19. Deferral Election Does Not Affect “Recognized Earnings” for Purposes of Other Company Benefits. “Recognized Earnings” for purposes of all other benefits offered by the Company (including, but not limited to, the Employees Retirement Income Plan/PRA, the Savings and Investment Plan, life, disability, accidental death and dismemberment, supplemental pension and savings benefits) will not be affected by any deferral election made hereunder.
20. Applicable Law. All questions pertaining to the construction, validity and effect of this Plan shall be determined in accordance with the laws of the State of New York, to the extent not preempted by Federal law.
21. Conflicts with Other Plans or Documents. From time to time, the Committee or the Global Compensation Department of the Company may issue guidelines or other explanatory material concerning the operations of the Plan. To the extent that any of these supplemental materials concerning the operations of this Plan shall be inconsistent with the terms of this Plan document, the terms of this Plan shall prevail.
To the extent that the terms of this Plan may prove to be inconsistent with the terms of
the EICP or any other plan( s) approved by the shareholders of the Company, the terms of the EICP or such other shareholder-approved plan(s) shall be controlling.
To the extent that the terms of this Plan may prove to be inconsistent with the terms of the Executive Severance Plan, the terms of this Plan shall be controlling.

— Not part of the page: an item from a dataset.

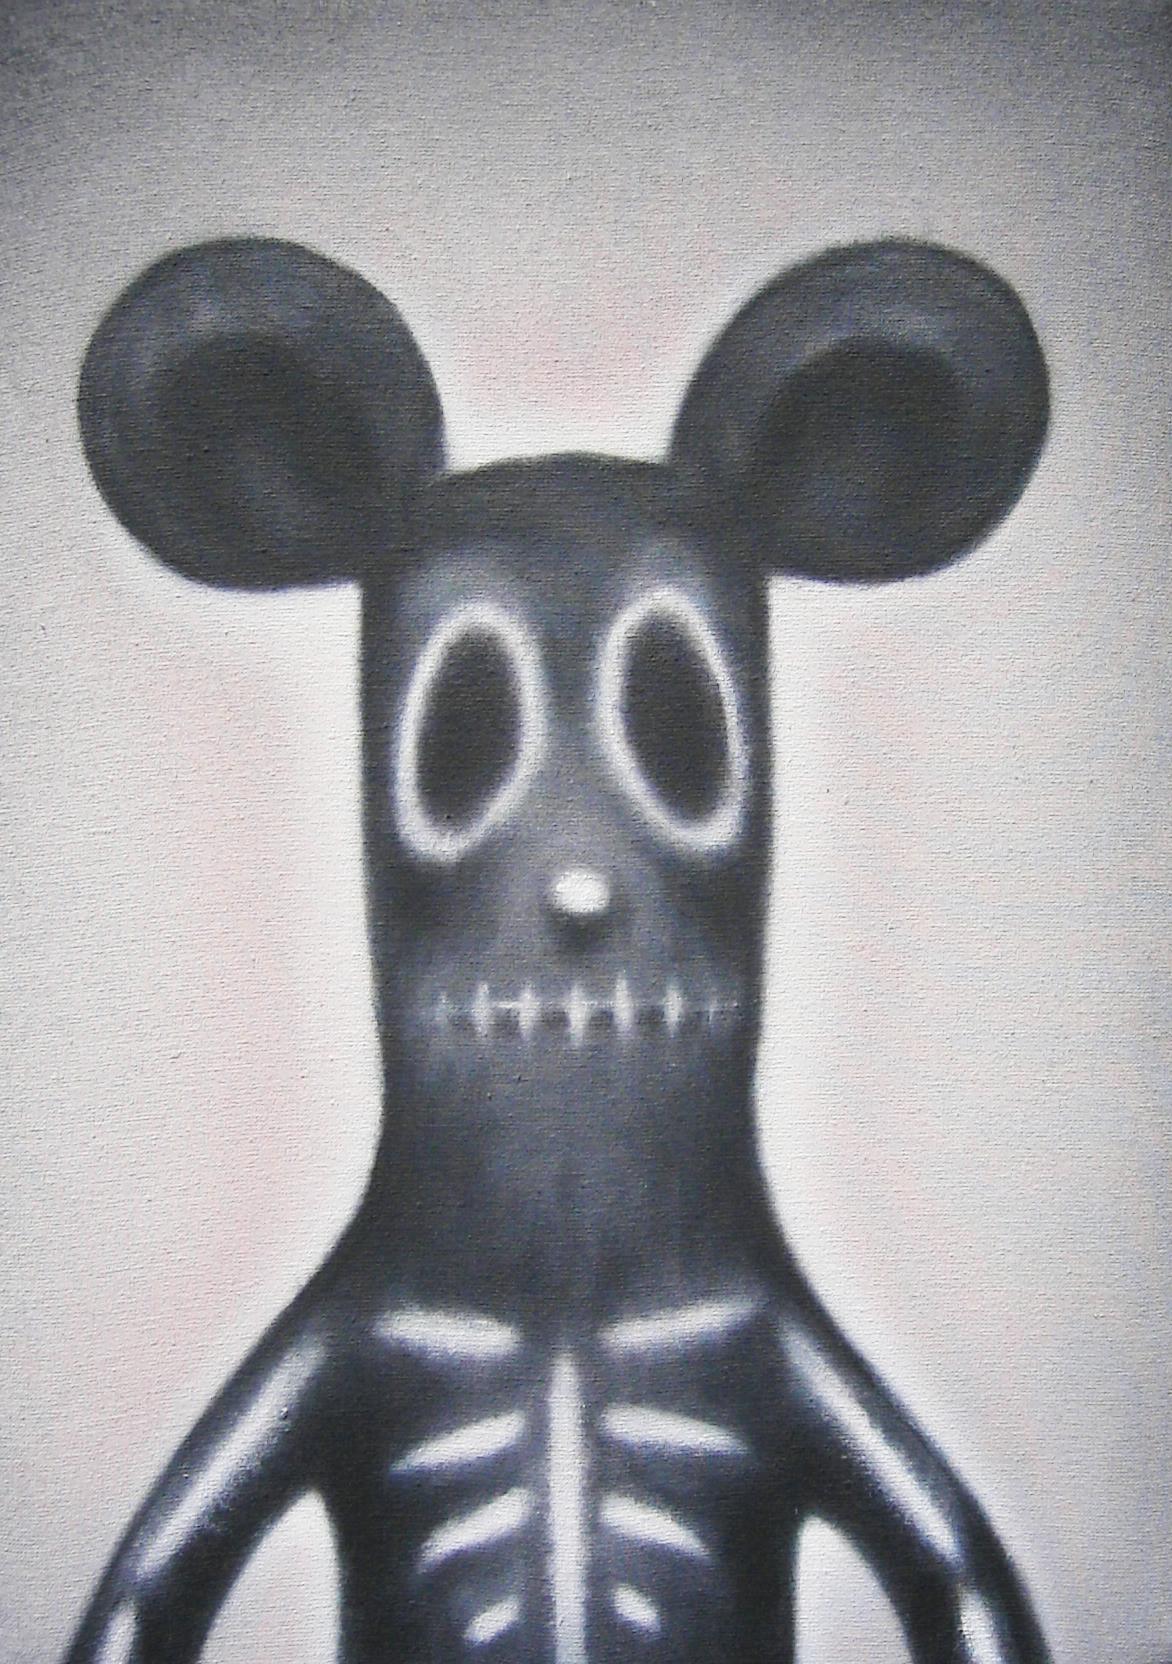 Luigi Presicce, Phantomouse, acrilico su tessuto, 2005, cm 35×25

22. Pronouns. Whenever used in this Plan, the masculine pronoun is to be deemed to include the feminine. The singular form, whenever used herein, shall mean or include the plural form where applicable, and vice versa.
23. Representations. The Company does not represent or guarantee that any particular federal or state income, payroll, personal property or other tax consequence will result from participation in this Plan. A Participant should consult with professional tax advisors to determine the tax consequences of his or her participation.
24. Plan to Comply with Code Section 409A. Notwithstanding any provision to the contrary in this Plan, each provision in this Plan shall be interpreted to permit the deferral of compensation in accordance with Code section 409A and any provision that would conflict with such requirements shall not be valid or enforceable.